Be Childlike and Irresponsible
Note to Reader: Please pay attention because I'm only going to write this once.
I began my typical Saturday morning like any other 35 year old married man, by sneaking past the kids’ room with the blankets. The blankets I had delicately removed from the bed where my naked wife still slept. I've found that wearing these blankets over my head while I creep past the kids’ open door makes effective camouflage. I’m just laundry passing by on its way to the washing machine rather than daddy on his way to gracelessly maintain a slightly controlled fall down just enough steps to make me wonder if its a break or a bruise? Choking back profanity within primal, guttural syllables is automatic now with the kids around. The gruntings punctuated with rapid audible inhales aren't nearly as analgesic as a "Mother f#( ker !" would feel, but at least their automatic.
Triage complete, I resumed my foray towards the living room with only one waypoint in between. I veer left into the kitchen for some breakfast juice: vodka and raspberry lemonade. This cocktail is well renown as the pantie removing solution which I applied heavily liberally the night before.

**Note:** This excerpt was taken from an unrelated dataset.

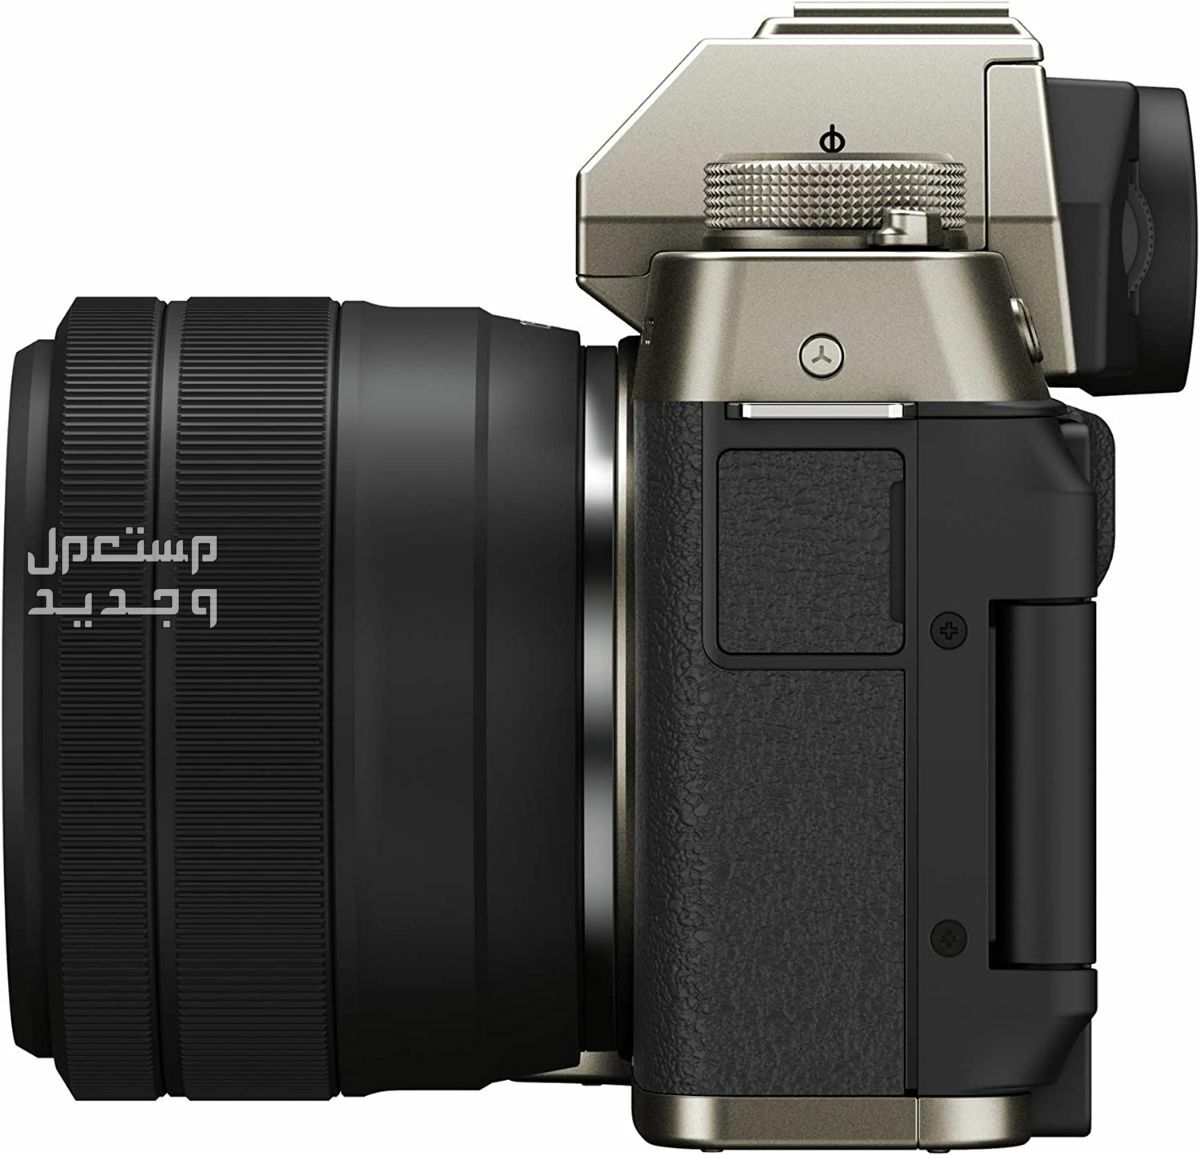 10 كاميرات تصوير ماركات عالمية بأسعار رخيصة في اليَمَن سعر كاميرا Fujifilm X-T200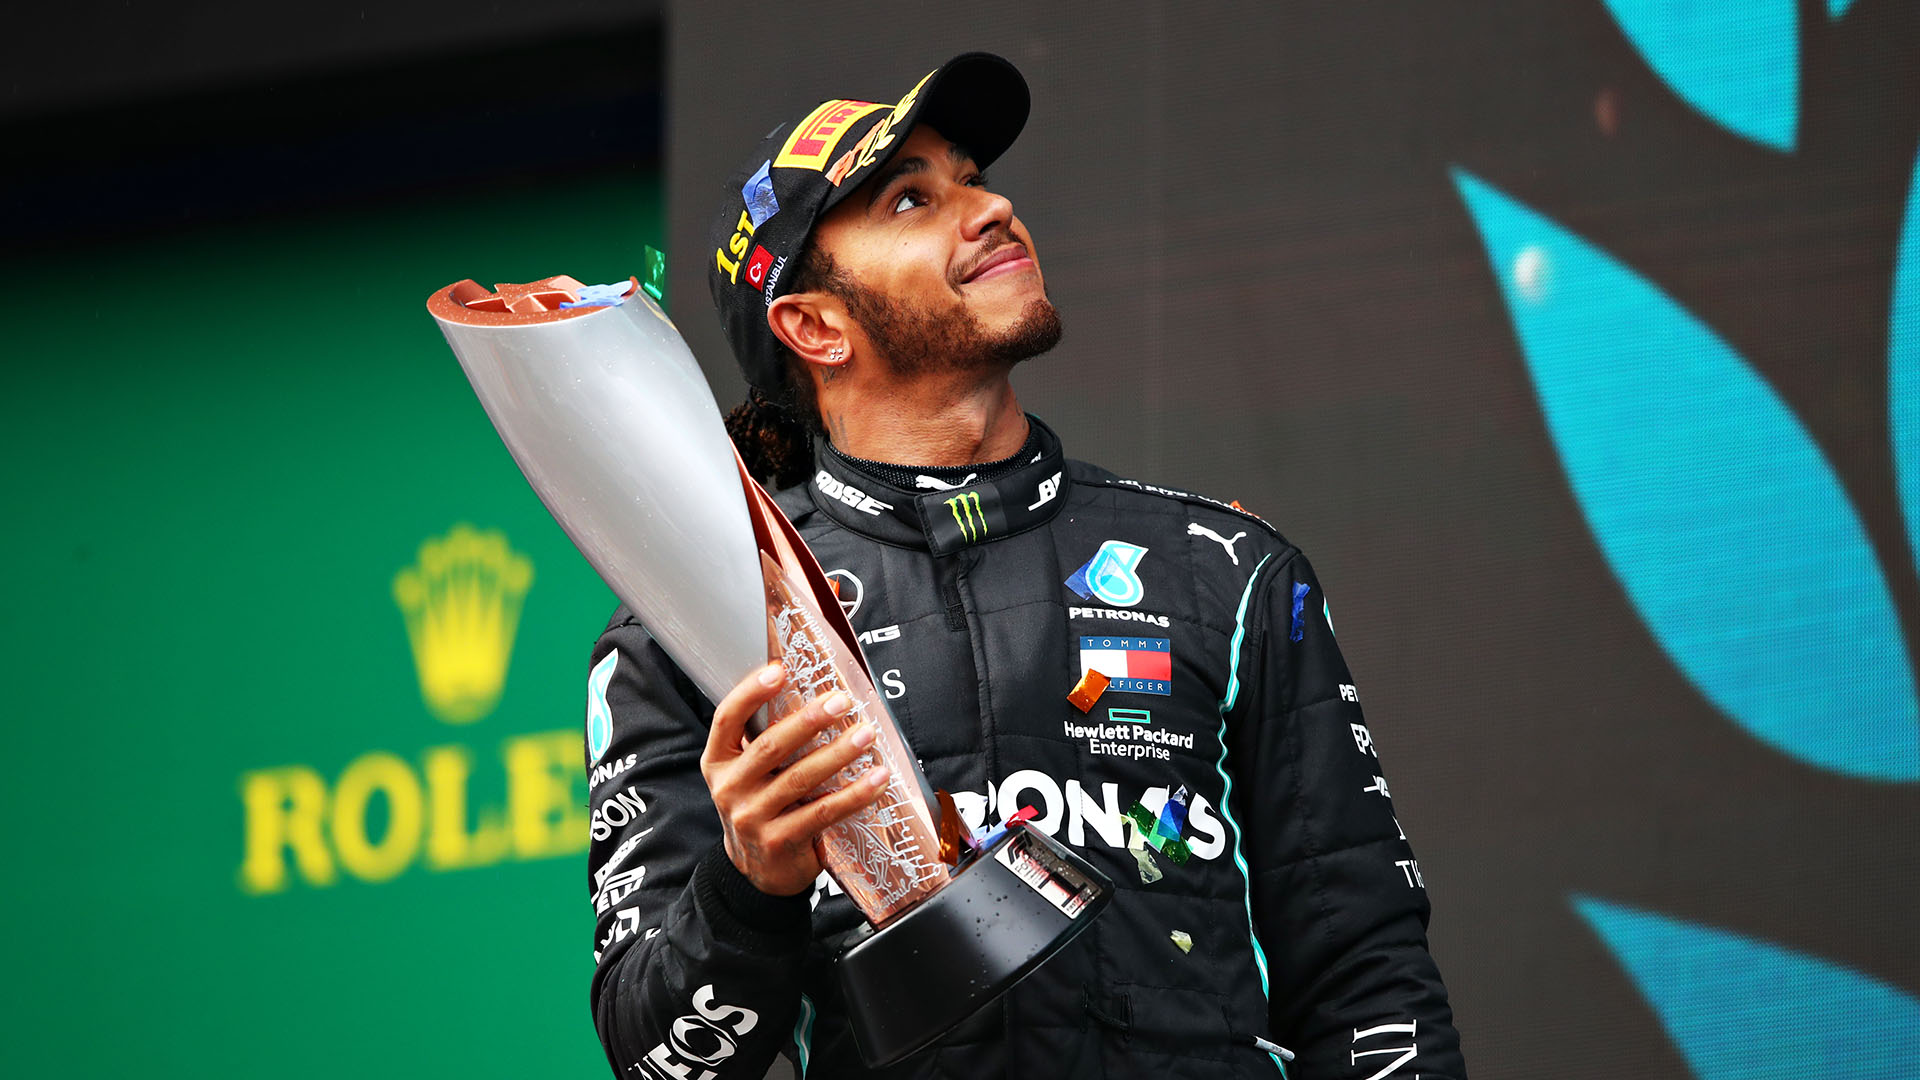 F1 Hamilton vince il suo 7° campionato del mondo vincendo in Turchia eguagliato Schumacher

Breakfast is the most important drink of the morning, I remind myself as I spill half the tumbler down my forearm in an overly boisterous breakfast toast, or toast to beakfast . Now, it was time to get on about my productive day.
Snuggling down
in front of the television with only minor protestation from my ankle, I
quickly change the channel from the ceaseless, senseless high-pitched squealing of
Nick, Jr. to the delightful, rejuvenating, and comprehensible violence of classic
cartoons.
Speed Racer, Bugs Bunny, and my all time hero, Roadrunner fill me with a sense
of completion mixed with the much coveted sensation of getting away with
something I should absolutely not be doing as a thirty-five year old married
man and father of two easily beguiled children.
Huddled
in my goose down feather-filled command post/sniper's nest, after the third reloading of the breakfast juice, I was really digging life in general. This was a wondrous, peaceful place
in a serene world with the therapeutic effects of comprehensible classic cartoon violence permeating my essence. Nirvana, without all the extra arms, I imagine.
Then, a tiny white fluffy seal pup is staring me in
the face. He looks so uncoordinated and goofy, why he’s just like me. He looks
happy, just like me. The camera pans back to include some flannel wearing
distant relation of Leif Erickson about to bludgeon my new fluff wearing friend
with a baseball bat. What the fuck?
Paradise
lost, the horrific imagery destroyed all the accrued joy that rocket propelled
roller-skates could provide. This was real violence, incomprehensible
violence, and the seal pup couldn’t even utter a “Meep-Meep” and escape at mind
boggling speed. What the fuck! The nubile blonde woman with the pert breasts
who immediately follows this nightmarish scene begins babbling about some
$9.00 a month solution. What the fuck?? (Nice tits.) What the fuck!! My
alcohol (over) enhanced sense of moral outrage leads to... (really nice tits) immediate
action... Defense! A murmur from my son upstairs reminds me that my moral outrage should
be limited to the silent variety.
What
to do? Carpet bomb Norway? Petition the UN to take Bjork or some other high
value lefse munching, lutefisk slurping, seal pup smashing target hostage?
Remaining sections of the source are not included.